Litigating Authority for the FDA
55 Pages Posted: 25 Apr 2022 Last revised: 1 Dec 2022
Date Written: March 1, 2022
The Food and Drug Administration (FDA), like most federal agencies, is a captive client. Its “lawyer,” the Department of Justice (DOJ), ultimately decides whether and when to sue. When FDA goes to court, a DOJ lawyer decides what arguments to make, and whether to appeal if they lose. But Congress could, and perhaps should, change this arrangement. In this Article, I discuss the prospect of independent litigation authority—the authority to conduct litigation without DOJ—for the FDA.
Because FDA and DOJ must cooperate to litigate cases, their working relationship profoundly influences federal policy, especially enforcement decisions.
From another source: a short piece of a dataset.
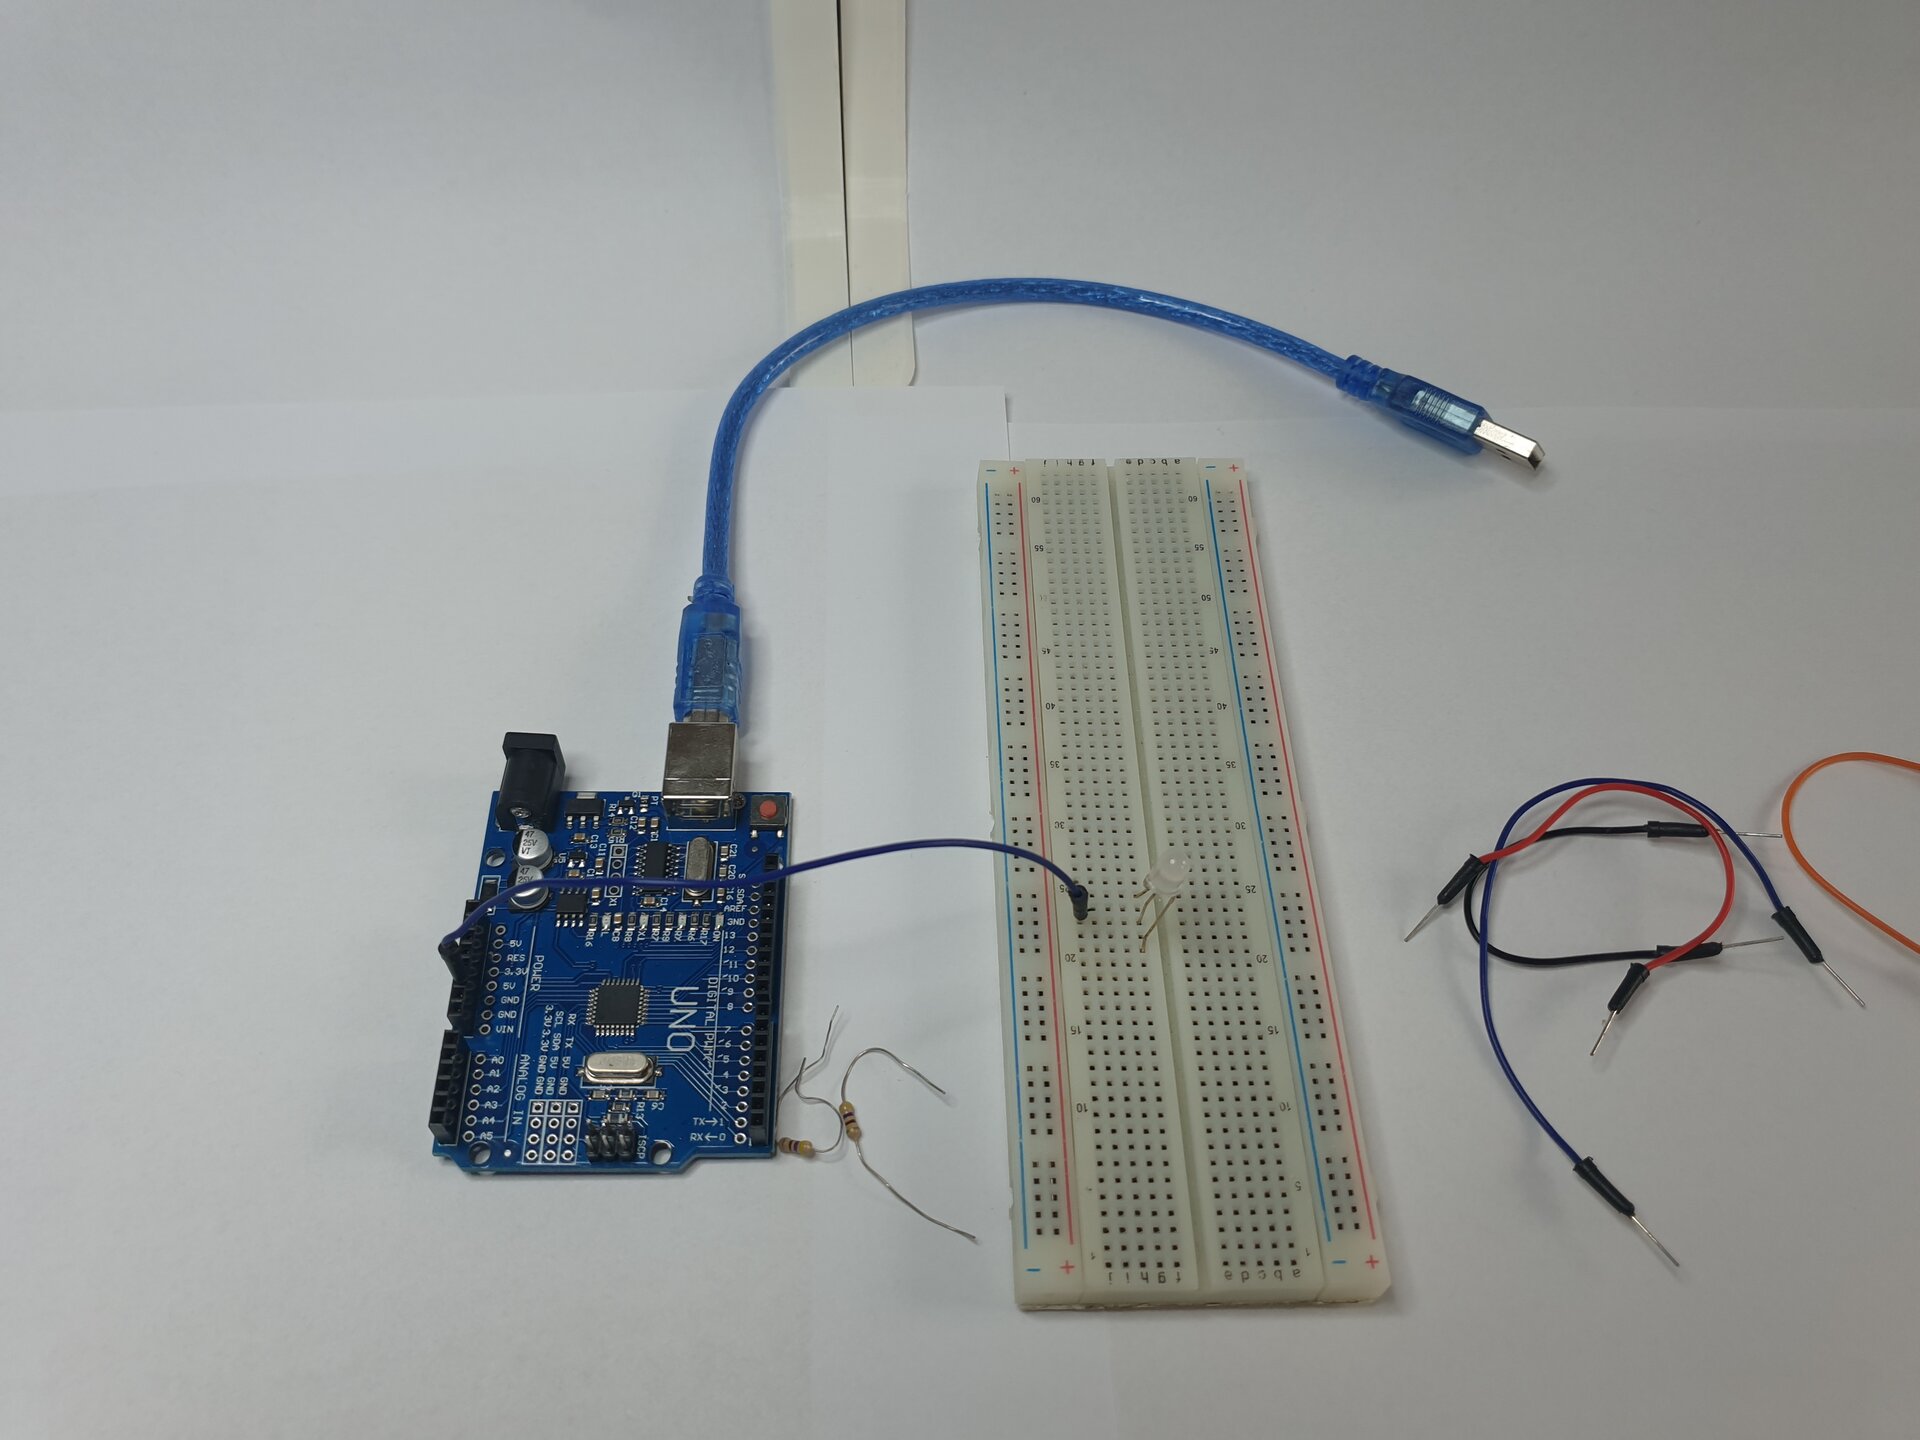 Zdjęcie przedstawia moduł Arduino z podłączonym do niego kablem USB, dwa rezystory, płytkę stykową, w którą wpięto diodę oraz leżące obok płytki przewody. Połączono moduł z płytką za pomocą przewodu wpiętego w module w 5 V i w płytce w tym samym wierszu, co środkowa nóżka diody.

Drawing on twenty semi-structured interviews with former DOJ and FDA attorneys, I provide the first qualitative empirical account of the interaction between these powerful agencies. I find that three key tensions between the agencies shape enforcement policy: (1) DOJ makes use of its authority to decline and delay FDA referrals and to direct key decisionmaking in litigation, limiting FDA’s preferred implementation of the Food, Drug, and Cosmetic Act; (2) the agencies have distinct, yet overlapping, enforcement priorities; and (3) DOJ control can result in more enforcement, with DOJ pursuing cases without consulting FDA, or over FDA’s objection, and pushing FDA to take on others. Drawing upon these findings, I propose and defend a reallocation of litigation authority in which Congress would grant FDA independent authority over civil—but not criminal—litigation.
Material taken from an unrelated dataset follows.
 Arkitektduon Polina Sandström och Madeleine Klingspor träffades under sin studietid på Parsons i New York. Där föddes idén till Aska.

This Article uses litigation authority to link theories of public enforcement with scholarship on interagency relationships. The example of FDA and DOJ illustrates how relationships between agencies can shape federal enforcement policy. Enforcement policy is determined not simply by monolithic agencies or administrations, but also by interactions among individual agencies with different missions, authority, and expertise, overruling and deferring to each other’s preferences on a case-by-case basis. Understanding interagency relationships likewise requires interrogating enforcement policy as a site of interagency contestation, with the decisions of DOJ and FDA lawyers embodying divergent policy preferences stemming from their agencies’ institutional identities. By uncovering how FDA enforcement policy results from many individual discretionary decisions, each subject to negotiation, this Article seeks to better understand both interagency relationships and the process of public enforcement.
The question of who controls agency litigation also implicates foundational issues of regulatory power. This Article anchors those debates in the experiences of the public servants who have spent their careers navigating the pathways of authority Congress created. Their novel insights allow for a more nuanced discussion of agency independence, litigation authority, and the legitimacy of regulatory power.